As Himachal Pradesh completed 55 years of statehood this year, these claims sound increasingly hollow—even absurd—when weighed against its economic performance, especially in comparison with fellow Himalayan states.

Experts point out that while Himachal was never created on the strength of its revenue base, a close tracking of its fiscal trajectory today reveals a worrying disconnect between rhetoric and reality.

They argue the time has come to dissect the state’s economic performance more honestly, particularly as the Chief Minister has been repeatedly pitching a “self-reliant Himachal” for the past three years.

Himachal Pradesh has now many things to be worried about. 

The  hard economic data  of its economic health is no longer whispering—it is screaming when we compare its performance with even  smallest Himalayan states. 

 Fresh comparative figures from State Budget 2026–27 lay bare a troubling reality.
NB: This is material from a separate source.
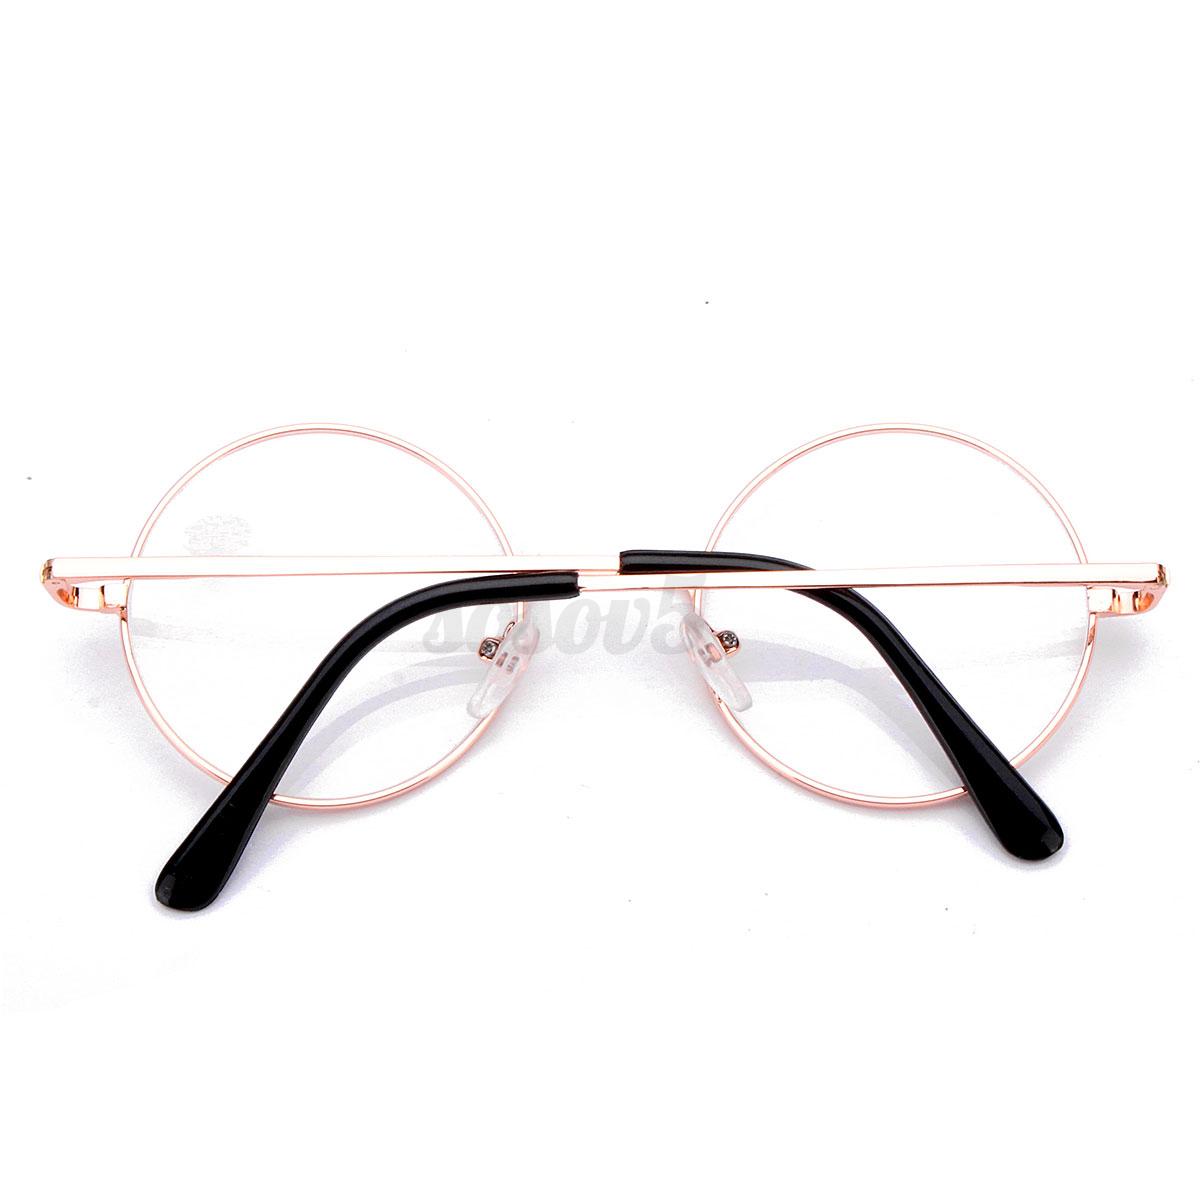 Understanding Eyeglass Frame Measurements : Unisex Retro Round Reading Glasses Presbyopic Metal Frame ...

Himachal Pradesh, despite its size and legacy advantages, is steadily losing economic ground. It  now struggles to keep pace with smaller hill states like Meghalaya and Mizoram.

With an estimated population of around 75 lakh, Himachal’s fiscal metrics paint a stark picture of stress.

If one goes by  state’s revenue expenditure for 2025–26 (RE) presented by Chief Ministers of four Himalayan states in question, Himachal presents a dismal story.

Himachal’s revenue expenditure stands at ₹54,349 crore, but its revenue budget estimate for 2026–27 drops sharply to ₹46,938 crore.  It is an indication of tightening finances rather than expansion.

Even more worrying is the committed expenditure—₹35,641 crore. It is eating up a massive chunk of  Himachal’s budget, leaving little room for development.

Compare this with Meghalaya, a far smaller state with a population of roughly 35 lakh.

Its revenue budget rises to ₹21,812 crore with a healthier capital expenditure of ₹7,439 crore. Mizoram, smaller still, maintains stability with capital spending at ₹2,588 crore— it is remarkable given its limited base.

The real red flag for Himachal lies in capital expenditure—the engine of growth. Its GSDP stands at Rs 2, 54000 Crore. 

However,   from ₹10,229 crore in 2025–26 (RE), its capital expenditure crashes to a mere ₹3,090 crore in 2026–27 (BE).

This steep fall signals a near freeze on infrastructure expansion and development works.

In contrast, both Meghalaya and Mizoram show steadier capital investment patterns, underlining a more balanced fiscal approach.

Himachal’s Pradesh Chief Minister Sukhvinder Singh Sukhu’s repeated talk of self reliant Himachal sounds hollow in face of this economic reality. 

Even Uttarakhand, often seen as a comparable Himalayan state, is operating at a different scale altogether.

 With a GSDP far ahead and capital expenditure touching over ₹18,000 crore, Uttarakhand is clearly outpacing its neighbour.

The per capita lens sharpens the crisis further. With a larger population than Meghalaya and Mizoram, Himachal’s shrinking development spend translates into thinner resource allocation per citizen.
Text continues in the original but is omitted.